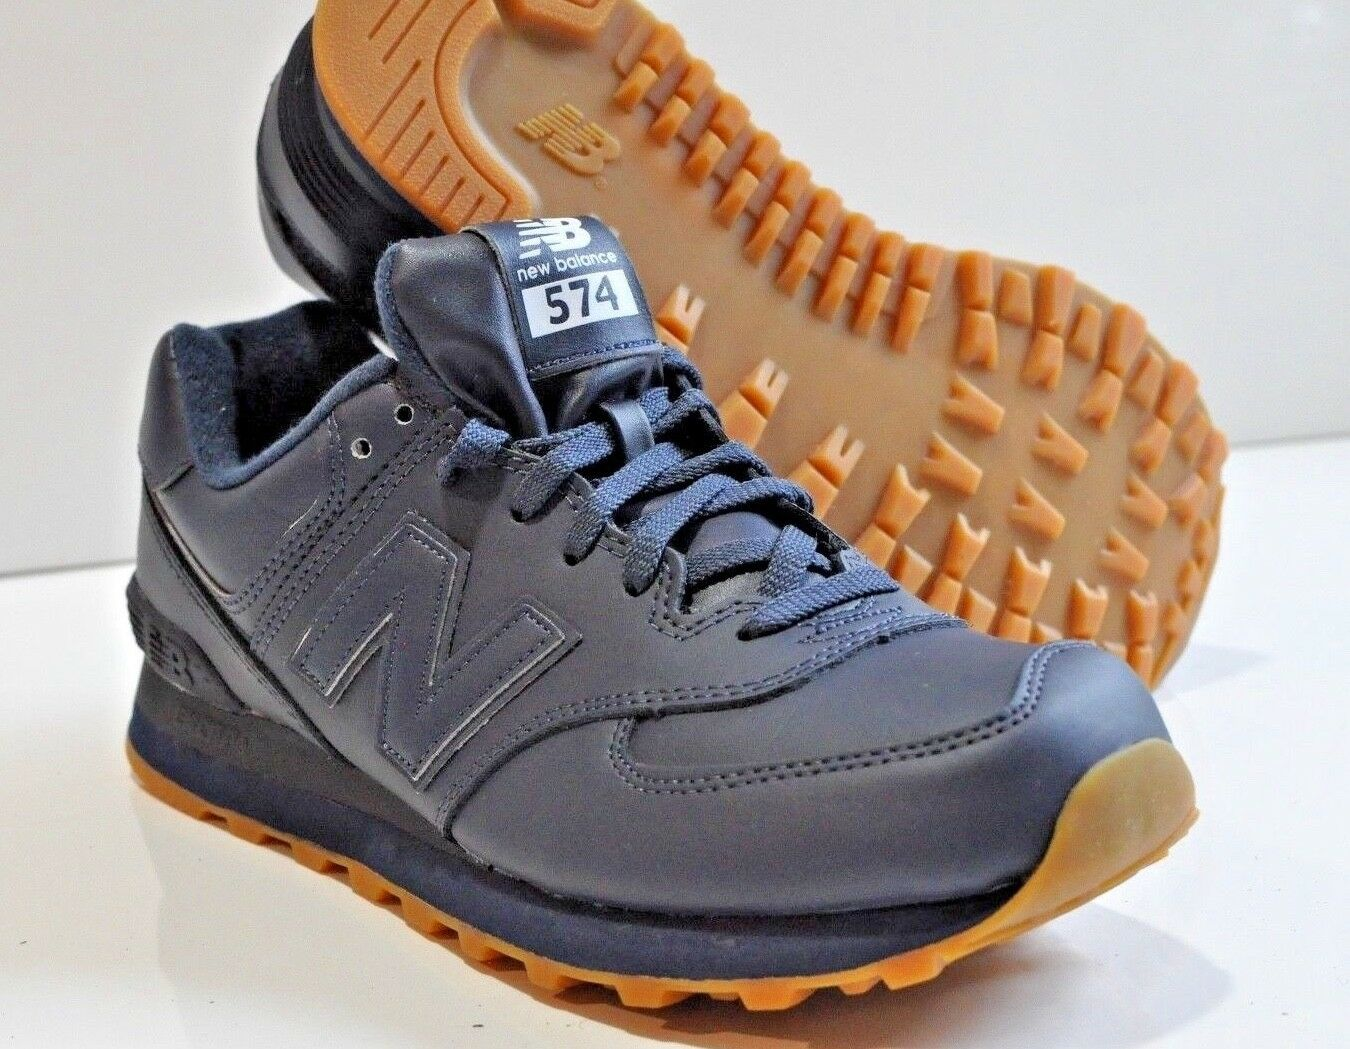 New balance 2018 Zapatillas Classics Fresh foam sole Runner Zapatillas 2018 negro Negro mfl2018bg 81805d
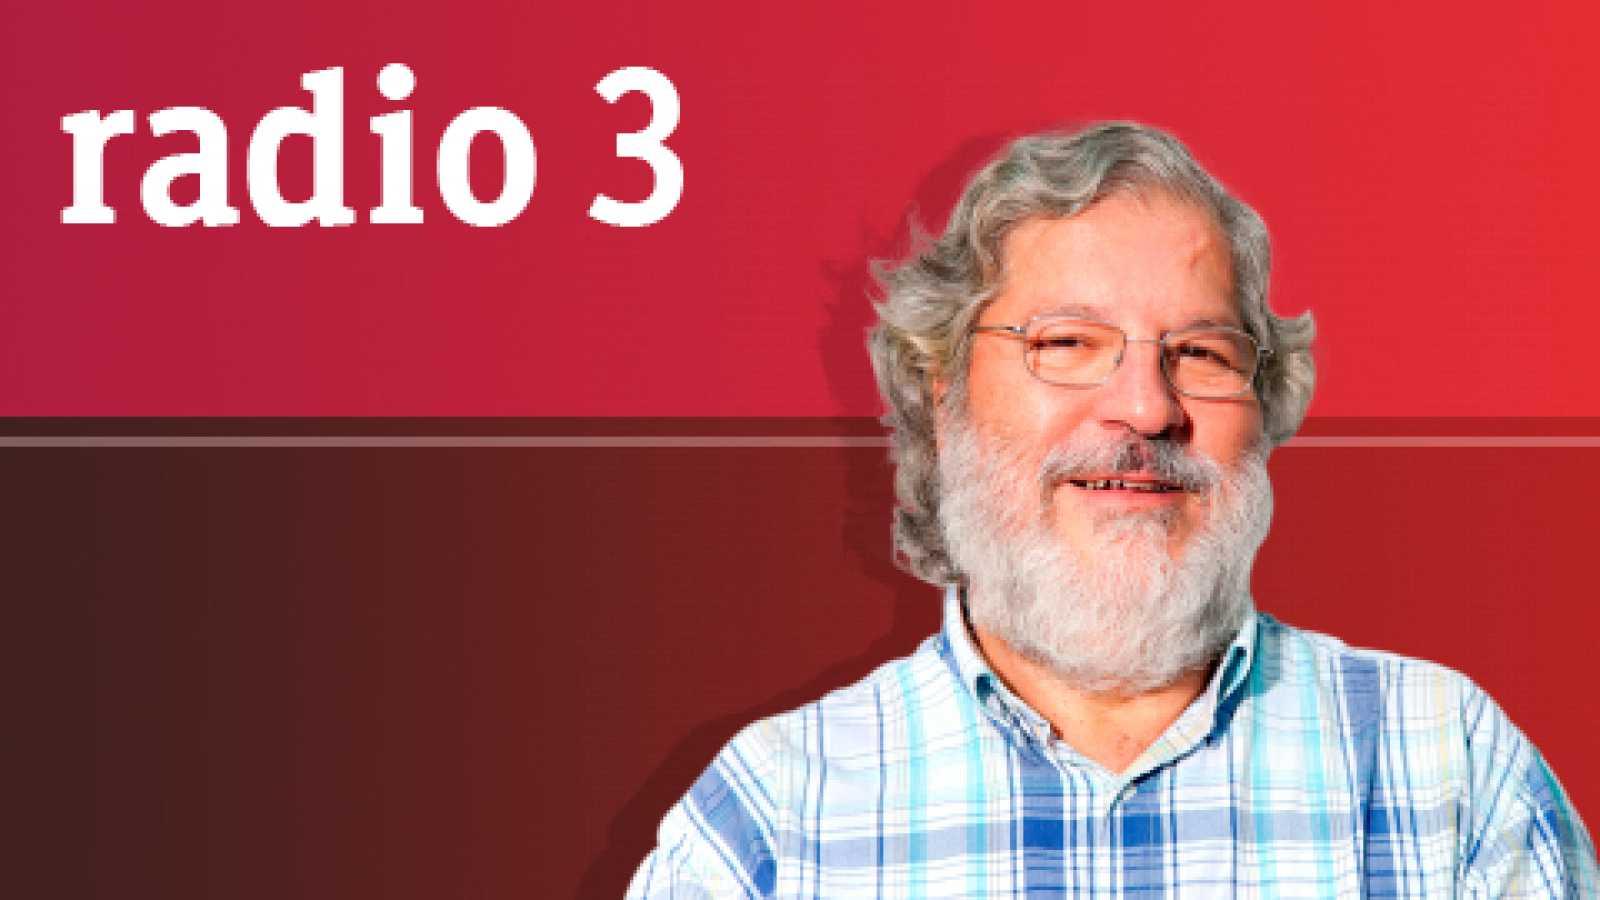 Discópolis 10.979 - Sesiones Tesoro RNE 125: Danza I.-Polanski-Esqueletos - 10/06/20 - escuchar ahora
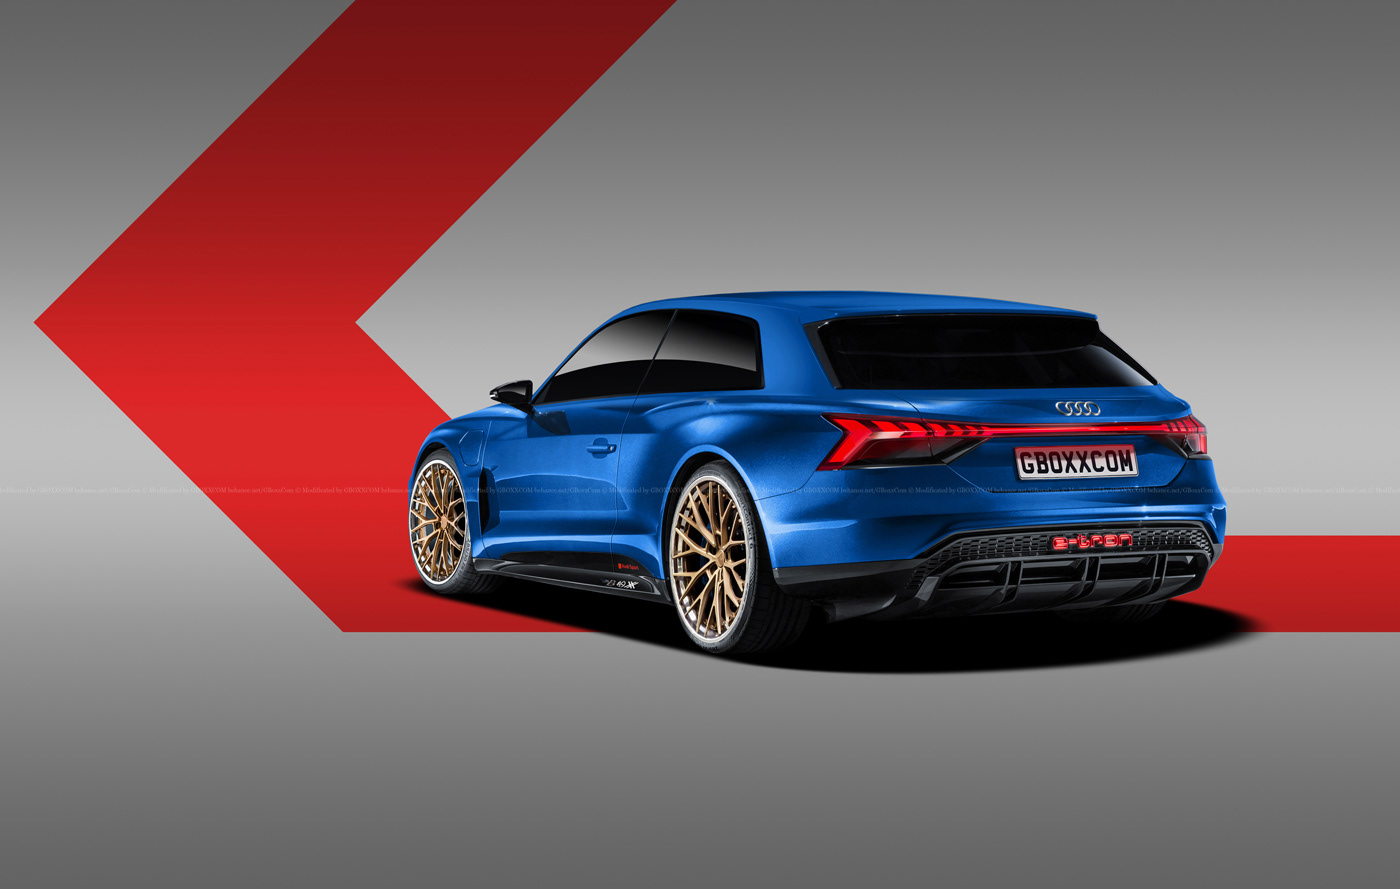 Audi E-Tron GT Spyder, E-Tron GT Wagon, E-Tron GT Coupe Renderings (9)
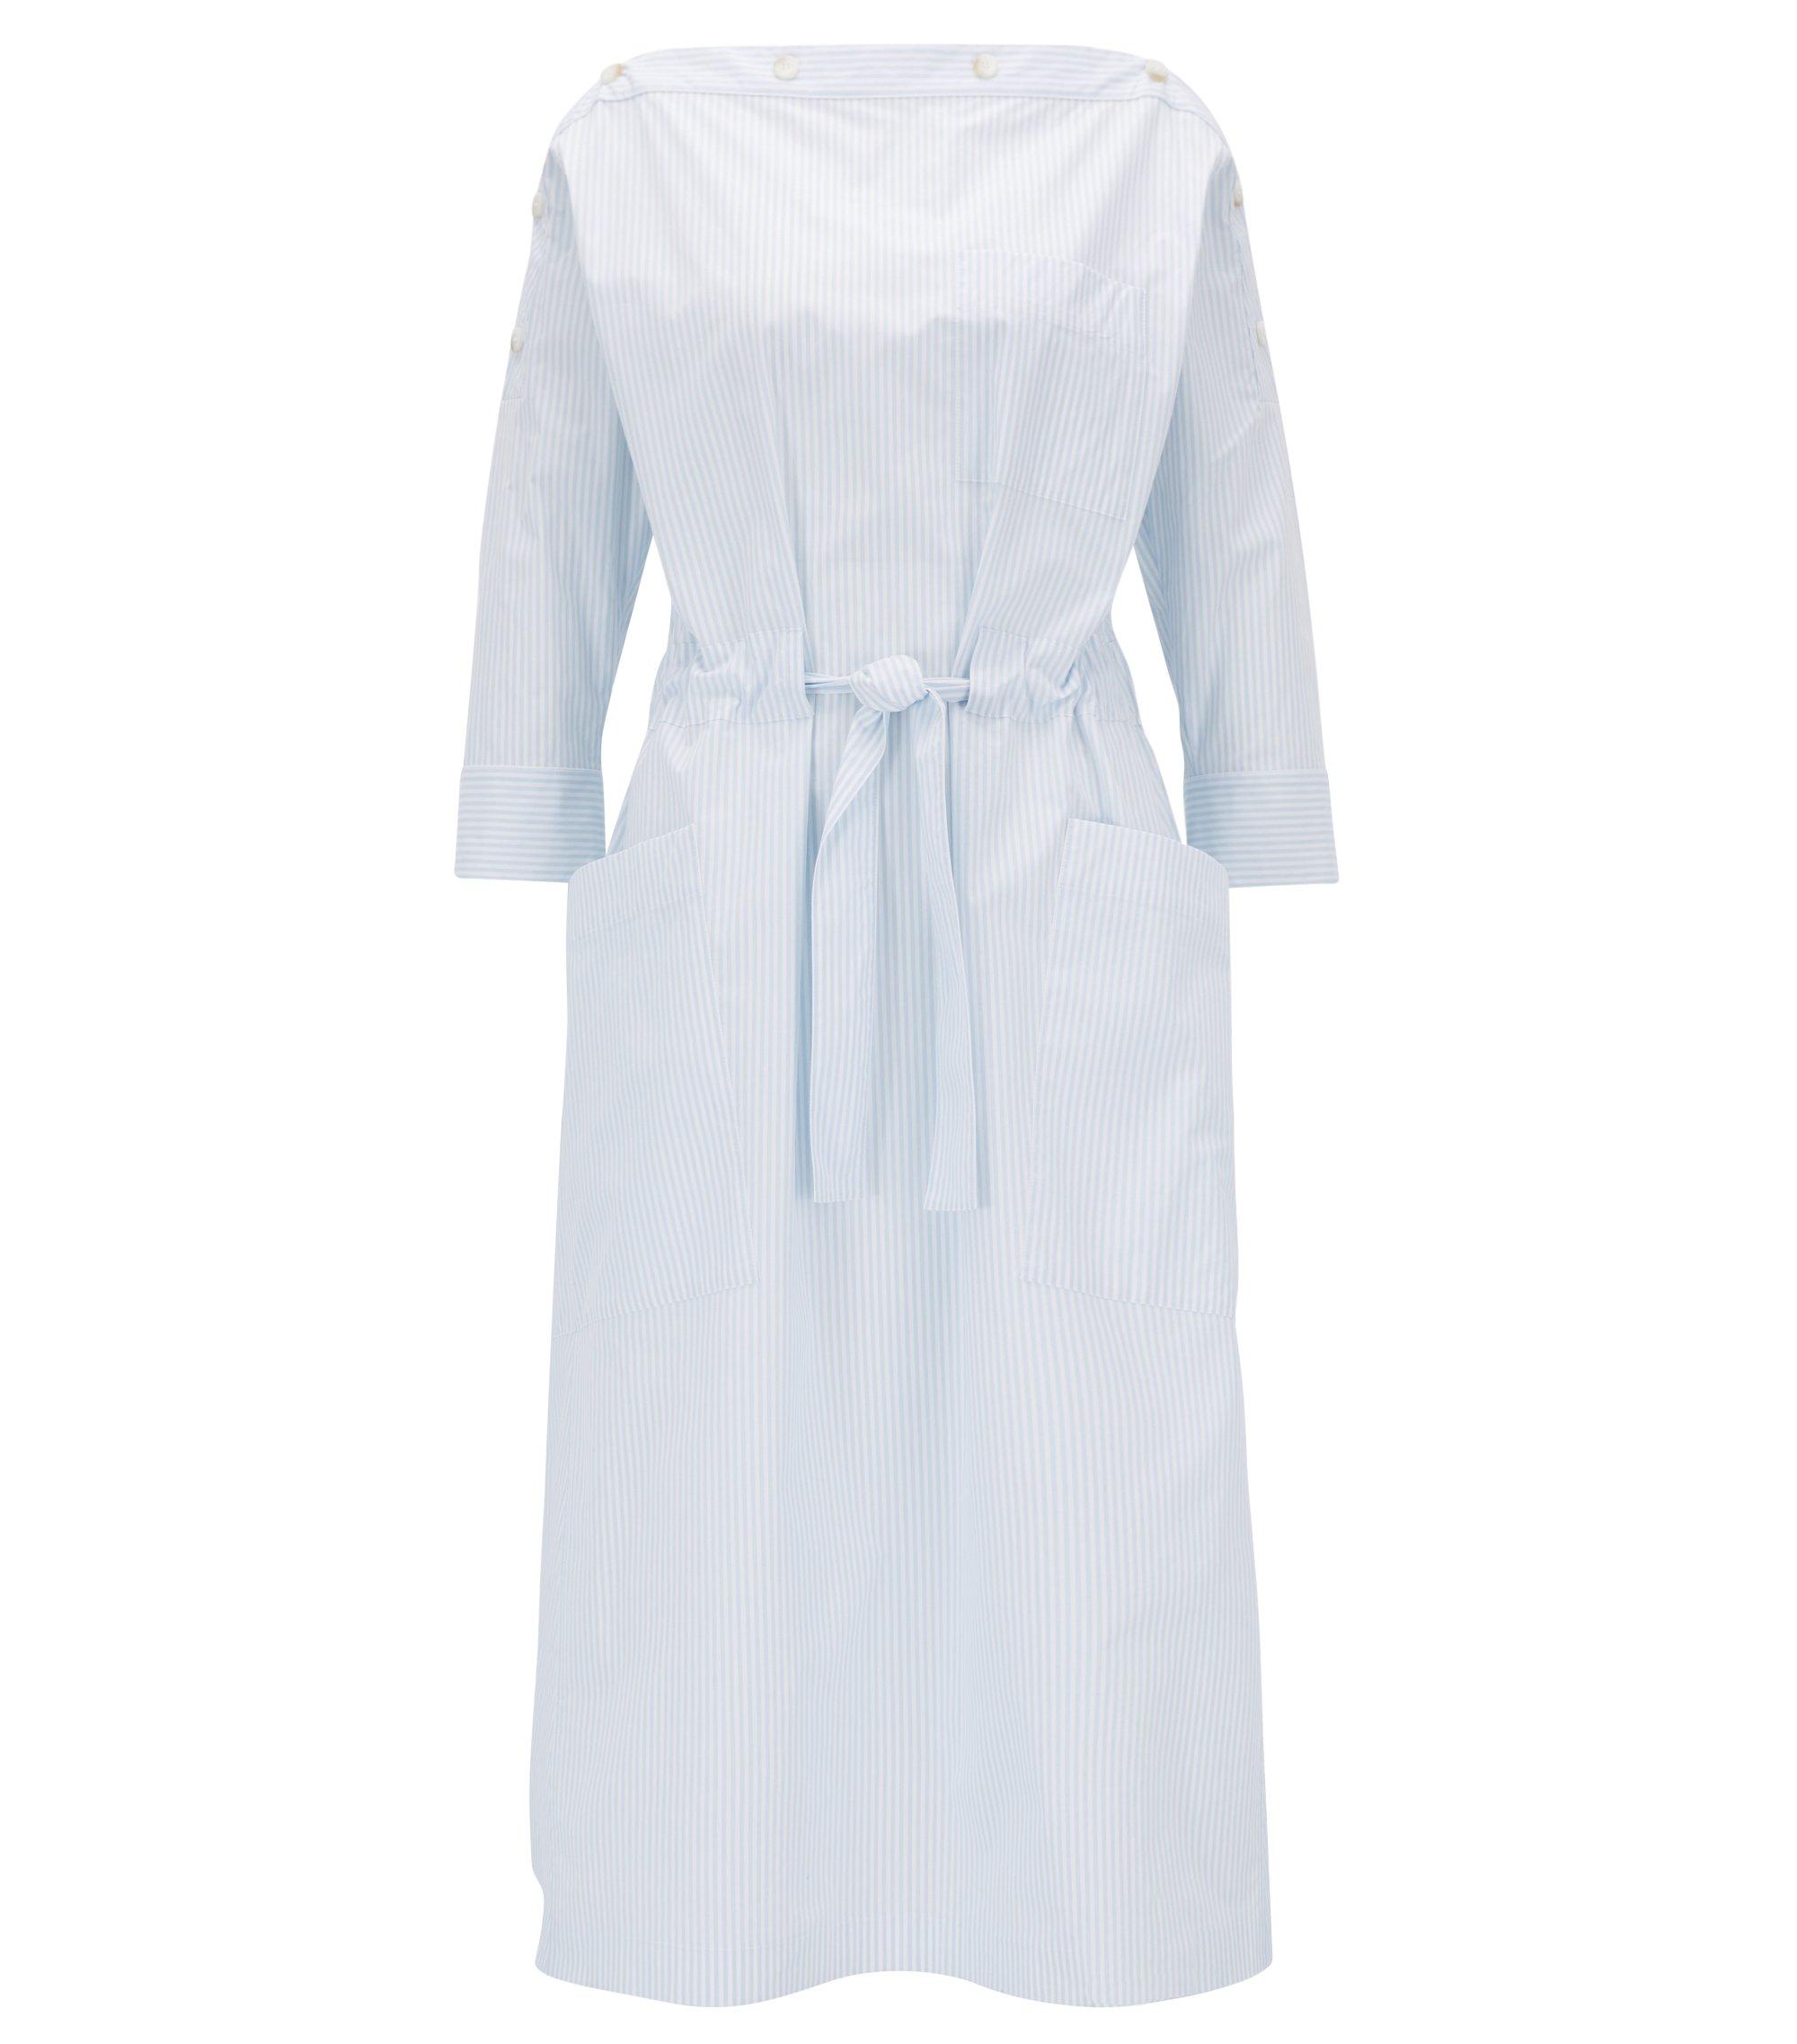 Button-neckline striped summer dress, Patterned
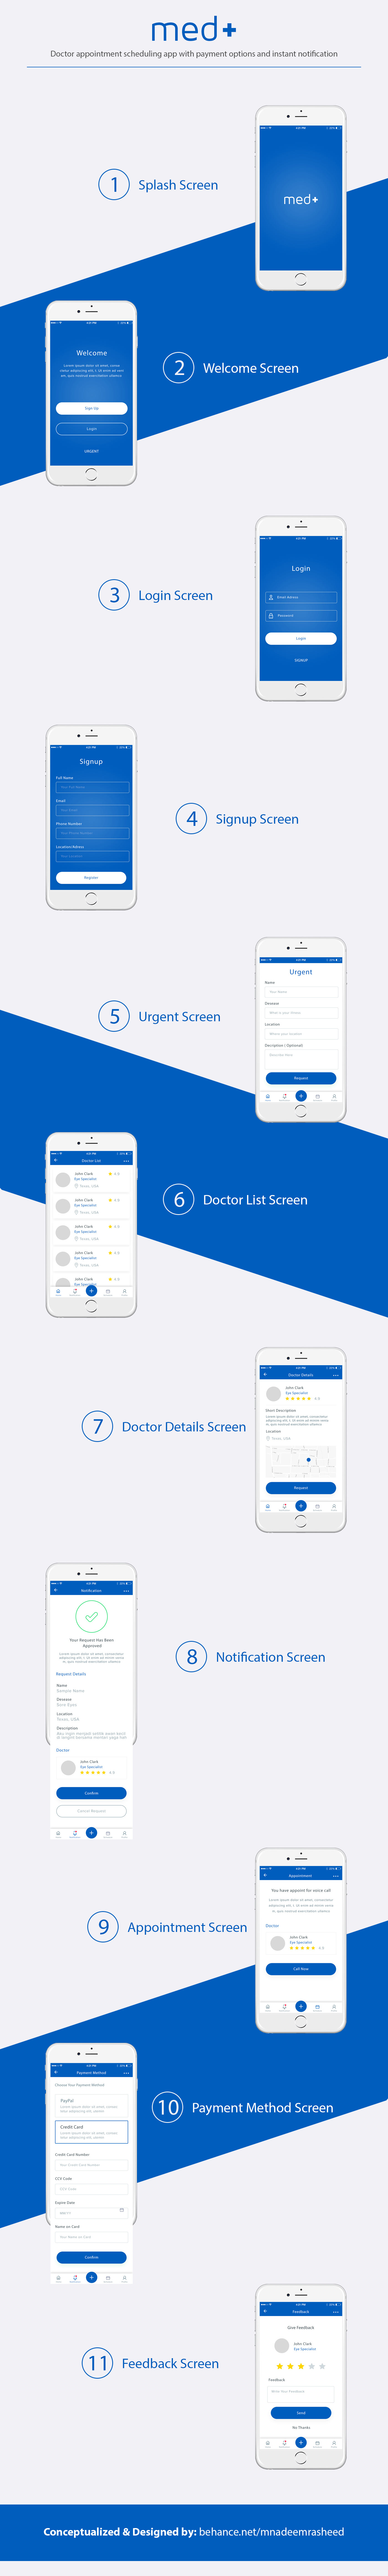 doctor app doctor appointment app Doctor Scheduling App app design iOS App App MockUp Design mobile app design mobile app mockup Doctor App Mockup

◆ ◆ ◆ ◆ ◆

• _ABOUT THIS TASK_
An exact copy of each entry is required, minus the pictures.

• _SOLUTION TO THE EXERCISE_
 New balance 2018 Zapatillas Classics Fresh foam sole Runner Zapatillas 2018 negro Negro mfl2018bg 81805d
 Discópolis 10.979 - Sesiones Tesoro RNE 125: Danza I.-Polanski-Esqueletos - 10/06/20 - escuchar ahora
 Audi E-Tron GT Spyder, E-Tron GT Wagon, E-Tron GT Coupe Renderings (9)
 Button-neckline striped summer dress, Patterned
 doctor app doctor appointment app Doctor Scheduling App app design iOS App App MockUp Design mobile app design mobile app mockup Doctor App Mockup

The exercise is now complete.